Obviously anyone can download WP, tweak it, and release a “new” WP (as a matter of fact, that’s how WP MU and BuddyPress started). However, that doesn’t happen so often. What most programmers do is contribute code back to the main, or trunk, WordPress — thus benefiting all users, not just the ones that particularly like them 🙂 This is, in fact, how almost all company-directed FOSS projects work: the company’s role in the project is, beside adding code and fixing bugs, providing direction, establishing deadlines for releases, and doing quality control. Independent programmers can, of course, do that on your own, on their own repositories — but they know that the millions who test and evaluate WP’s code will not look at their code, they will just use the one being under watchful control of Automattic.
I said “almost all”. The biggest exception I’m aware of is… Linden Lab’s Second Life. When the viewer became open source, I was expecting that the same model would be implemented: programmers would contribute code back to LL, LL would check and validate it, and release a new viewer. But this didn’t happen: instead, groups of programmers download the code, set up their own repositories, try to attract a few friends, and release a different viewer. Now this seems to be a waste of time for everybody involved — and it also means that no viewer incorporates all tweaks and bug fixes developed by all programmers.
Why did this happen? The major two reasons are: an insanely slow quality control process (except for emergency security patches, LL usually takes 6-18 months to implement a single-line patch, since their code auditing procedures take insanely long) and a relatively limited margin for adding patches that might be marginally unaligned with LL’s vision. Thus, since LL doesn’t want that users do their own backups, they frown upon any implementation of a backup system. Collecting viewer data and showing it to other users (like Emerald, and more recently Imprudence) are doing might also be something LL doesn’t want on their “main” viewer (or even Snowglobe). “Restrained Life”, a powerful API that allows the viewer to send commands to in-world items (mostly HUDs), providing functionality not possible in plain LSL, is also something which LL prefers to avoid (for security reasons; they’re developing a plugin system for the viewer which should render Restrained Life obsolete — but we don’t know when that will be ready). Other things, however, always baffled me. Why don’t we get a better radar system? Or a fantastic way to search for lost items, like Emerald does? Surely these are relatively peaceful changes that should have been incorporated on the LL viewer eons ago…
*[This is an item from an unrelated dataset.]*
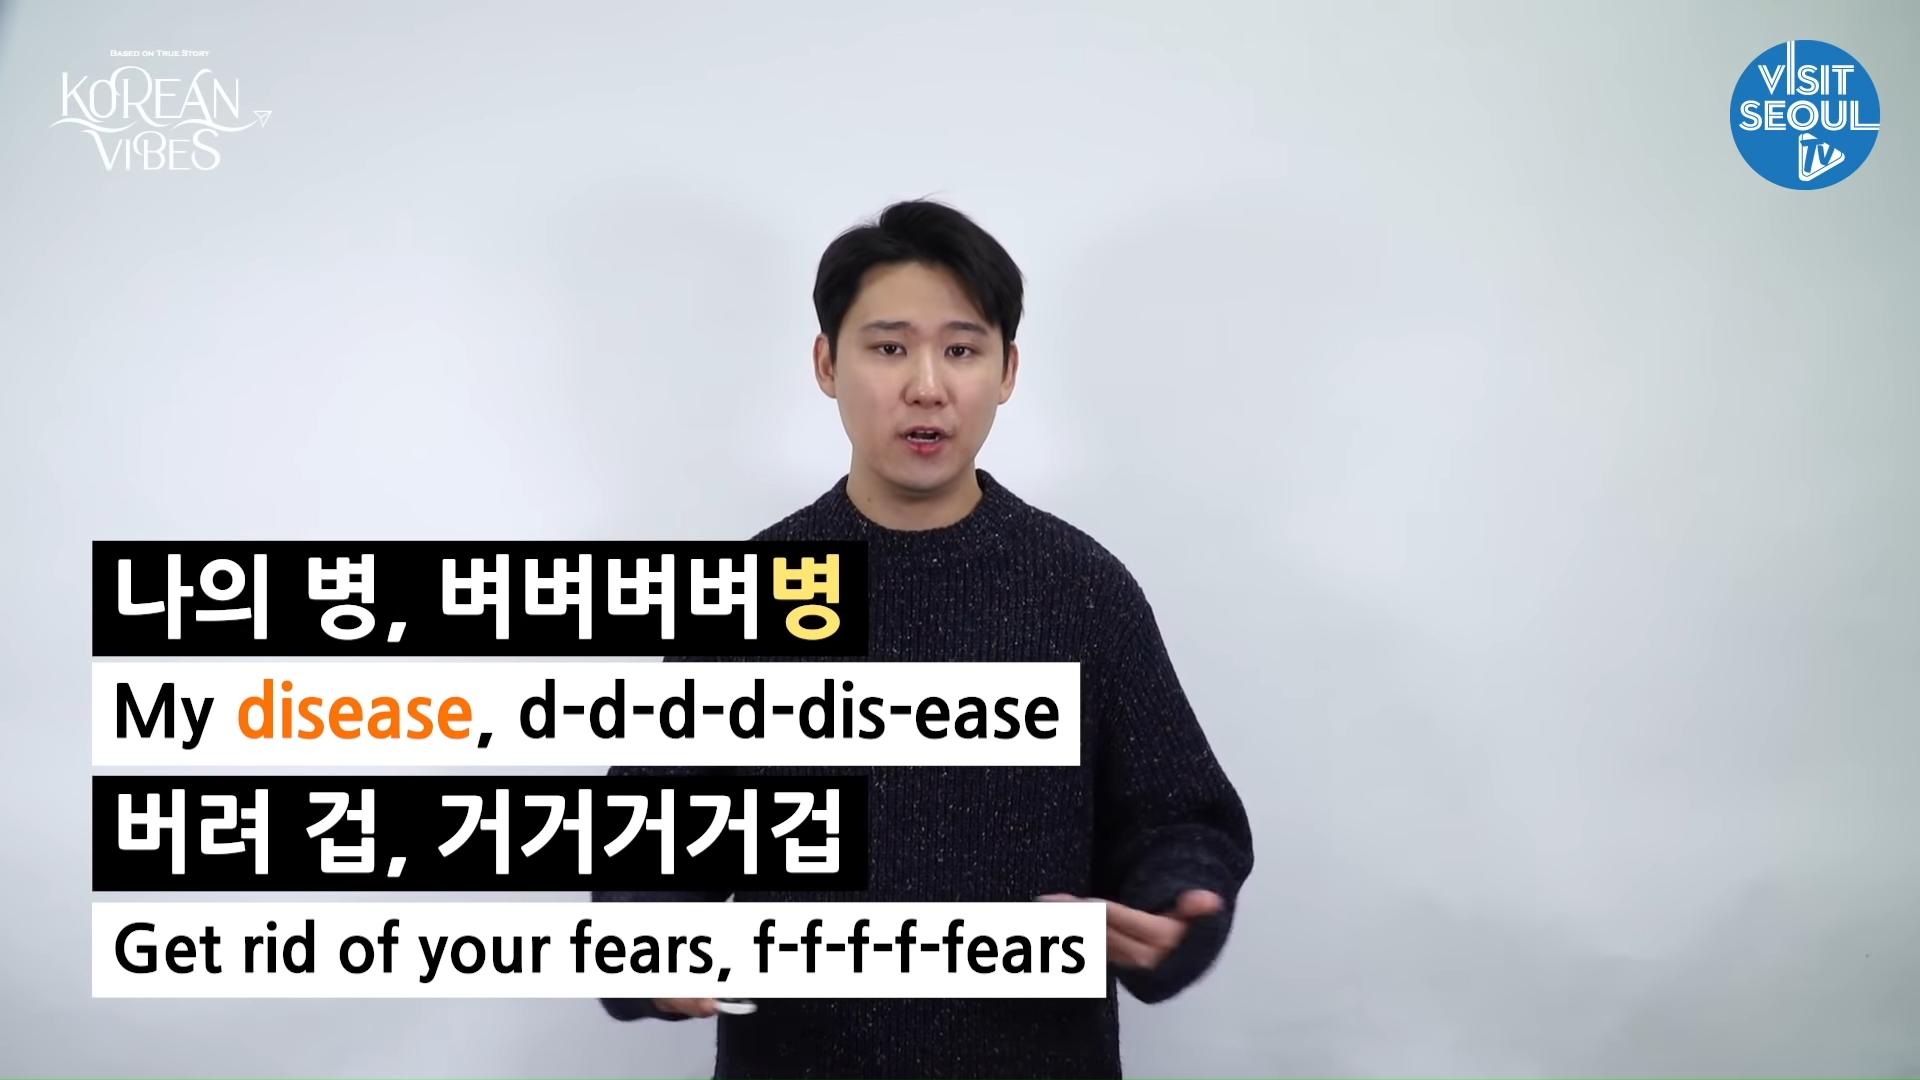 BTS - Dis-ease Explained by a Korean 4-57 screenshot

Until LL changes their policies on those two issues — faster QA to approve code within days (not months or years!) of its submission, and a clear policy on what kind of features are “peaceful” — it’s hardly likely that programmers will be willing to work for free for LL to submit code to the main viewer. And while this goes on, it means that residents will continue to switch back and forth between different viewers, as they look for the features they need to enjoy their experience in SL. We’ll never have the equivalent of WordPress for SL: a single source, with hundreds of contributing developers, benefiting millions of users.